Remark: Note that the unit ideal $I=(1)=R$ is irreducible and radical, but not prime. In $R=\mathbb{Z}$, $I=(4)$ is proper and irreducible, but not prime; $I=(6)$ is proper and radical, but not prime. So, no two out of $\{$proper, irreducible, radical$\}$ are sufficient to get primeness—which is no surprise, since primeness implies proper, irreducible, and radical (all three).
Anyway, the hypotheses are necessary, let us proceed to the proof that they are sufficient.
Proof of Claim: By contrapositive. Let $I$ be a proper ideal, that is $I \neq (1)$. Assume $I$ is radical but not prime; our goal is to show that $I$ is not irreducible.

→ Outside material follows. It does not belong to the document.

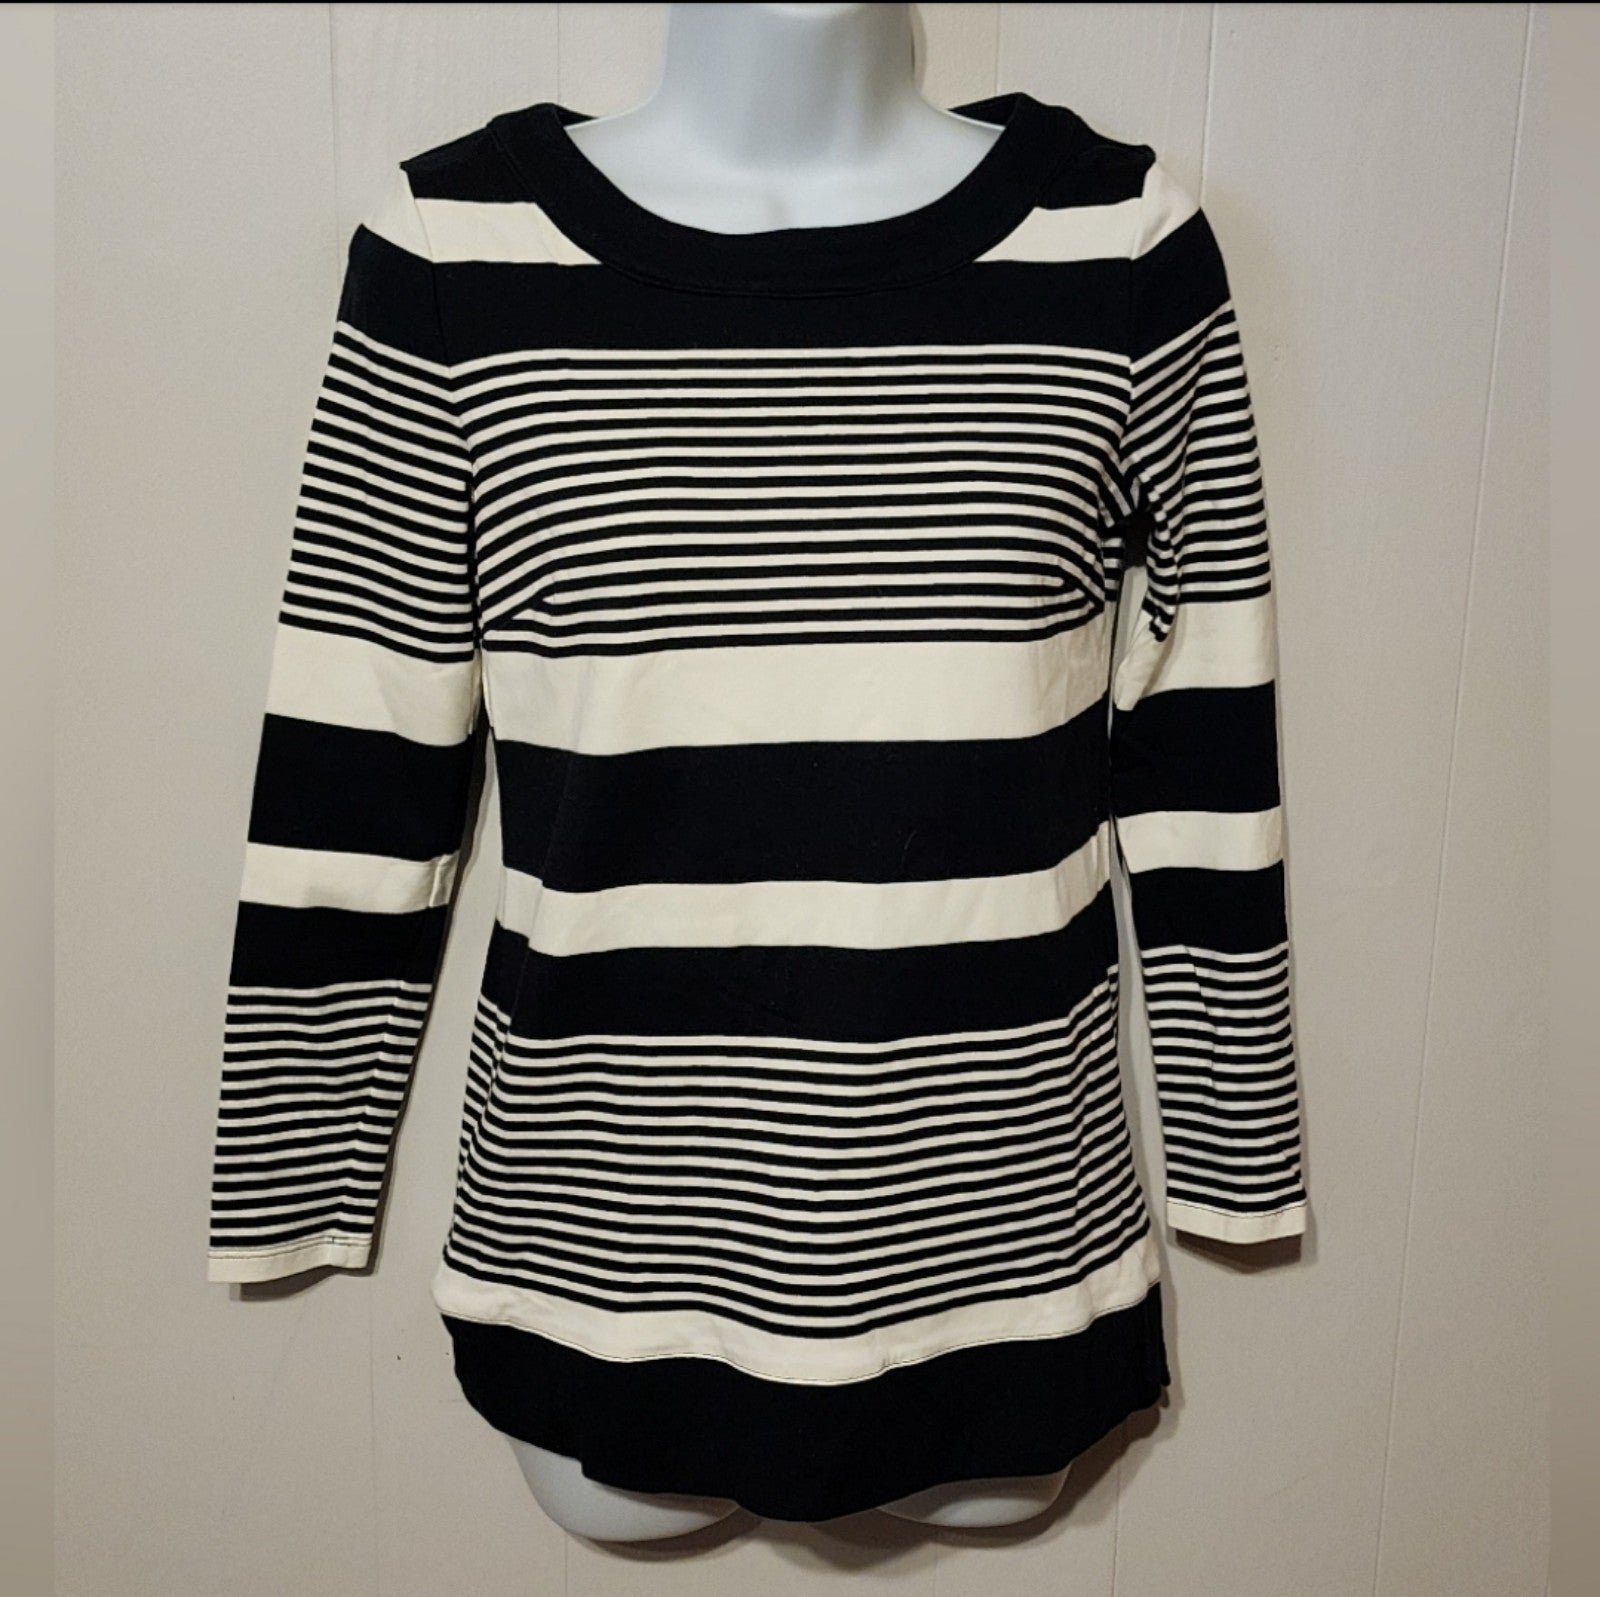 large selection Talbots Sweatshirt Size P Petite Black White Striped Long Sleeve Round Neck B165 M2dv5eBQ6 on sale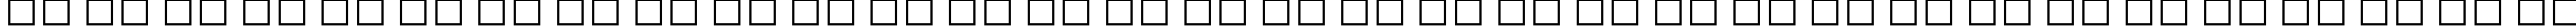 Пример написания русского алфавита шрифтом Perpetua Italic

In general there are two ways that $I$ can fail to be prime: either $I=(1)$, or there are some elements outside $I$ whose product is in $I$. We are assuming that $I$ is a proper ideal, $I \neq (1)$, so it must be the second possibility.
So there are some elements $a,b \in R$ such that $ab \in I$ while $a,b \notin I$. Consider the ideals $I+(a)$ and $I+(b)$. Certainly $I \subseteq (I+(a)) \cap (I+(b))$. For the reverse inclusion, suppose $x \in (I+(a)) \cap (I+(b))$. Write $x = i_1 + r_1 a = i_2 + r_2 b$ for some $i_1,i_2 \in I$ and $r_1,r_2 \in R$. Then $ x^2 = (i_1 + r_1 a)(i_2 + r_2 b) \in I $ since, upon expansion, three of the terms involve $i_1$ or $i_2$ (or both) and the fourth term has $ab$, which is in $I$. Since $I$ is radical, $x \in I$. This proves $I = (I+(a)) \cap (I+(b))$. Since $a \notin I$, $I \neq I+(a)$; similarly $I \neq I+(b)$. Therefore, $I$ is not irreducible. $\square$